Queer Aesthetics; From Identity Politics to Queer Politics as Equality-Based Politics

Document Type : Research Paper

Authors

1 Master Holder from Department of Anthropology, Faculty of Social Sciences, University of Tehran

2 Department of Anthropology, Faculty of Social Sciences, University of Tehran, Tehran, Iran

10.22059/ijar.2022.348858.459775

Abstract

This article tries to show the queer aspect of Jacques Rancière's methodology in his political theory. For Rancière, the political is an aesthetic act that changes the distribution of the sensible in the police order and how to face the world. Police order is a corporal and spatial order that creates particular ways of thinking, speaking, seeing, and visibility through the distribution of the sensible by the bodies. The aesthetic side of political action deals with redistributing this order due to expanding the boundaries of senses. Then, based on the triple regimes of Rancière's art, a triple model of body regimes in gender studies is presented to show how the queer body as an aesthetic one, under the concept of the body without organs, approaches the political subject/body in Rancière's view.
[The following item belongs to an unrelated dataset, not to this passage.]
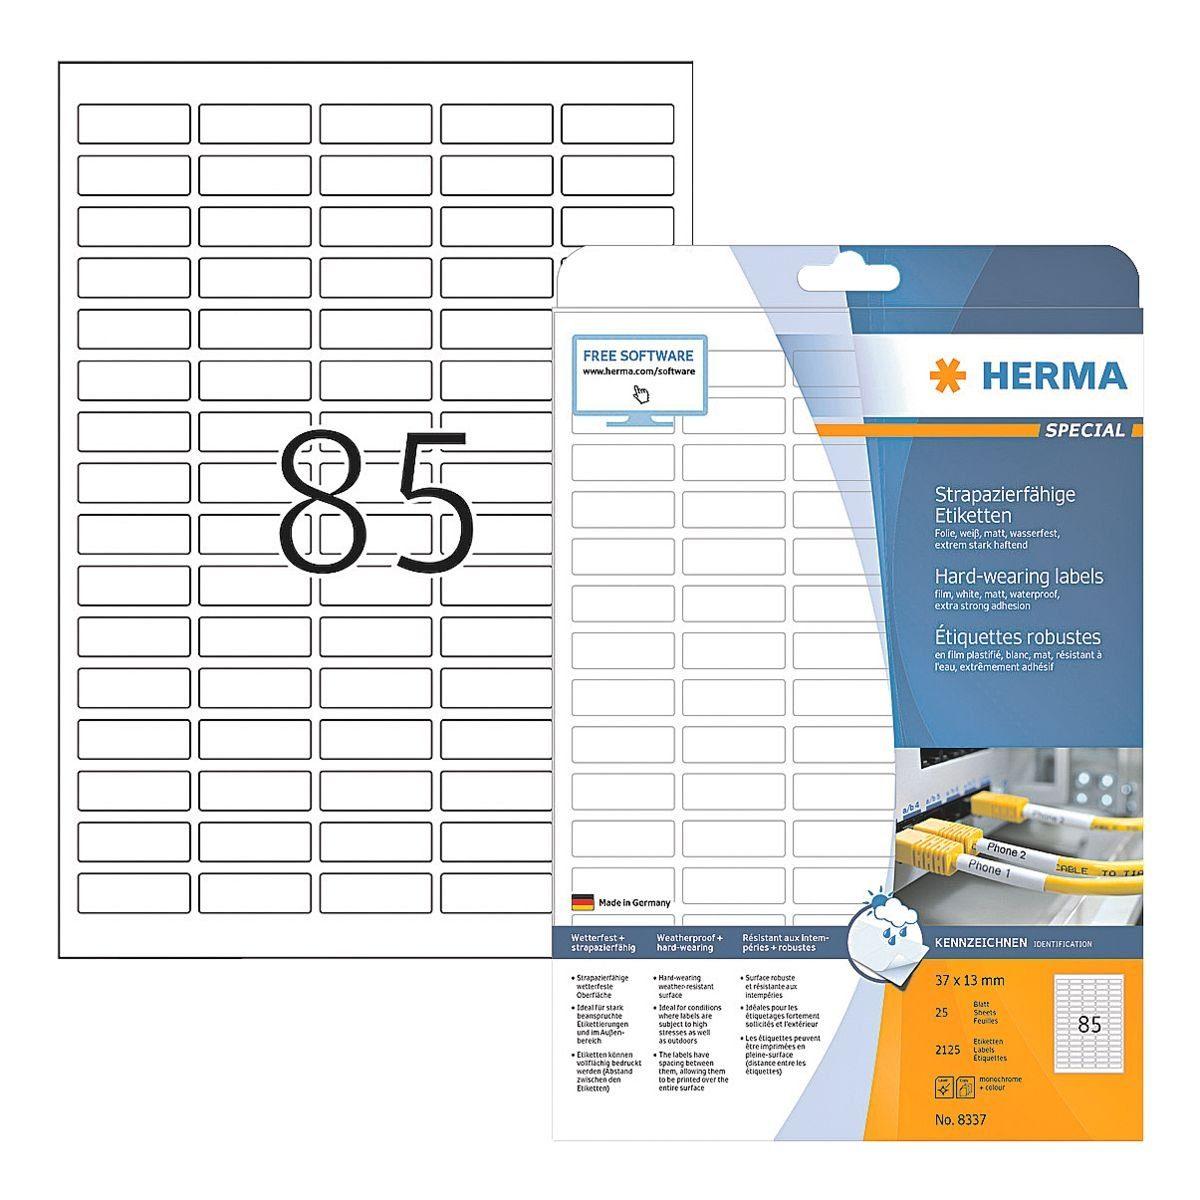 HERMA Outdoor Folien-Etiketten 2125 Stück »Special«

To comprehend the queer side of Rancière's theory and the political dimension of Judith Butler's theory examine the idea of performativity. Subsequently, to analyze politics of identity/difference and queer politics, Rancière's thoughts compare with Axel Honneth's theory. To clarify the link between Rancière's theories and queer politics, the affect theory and distribution of emotions and their function on/between bodies is referred to, as the political economy of emotions.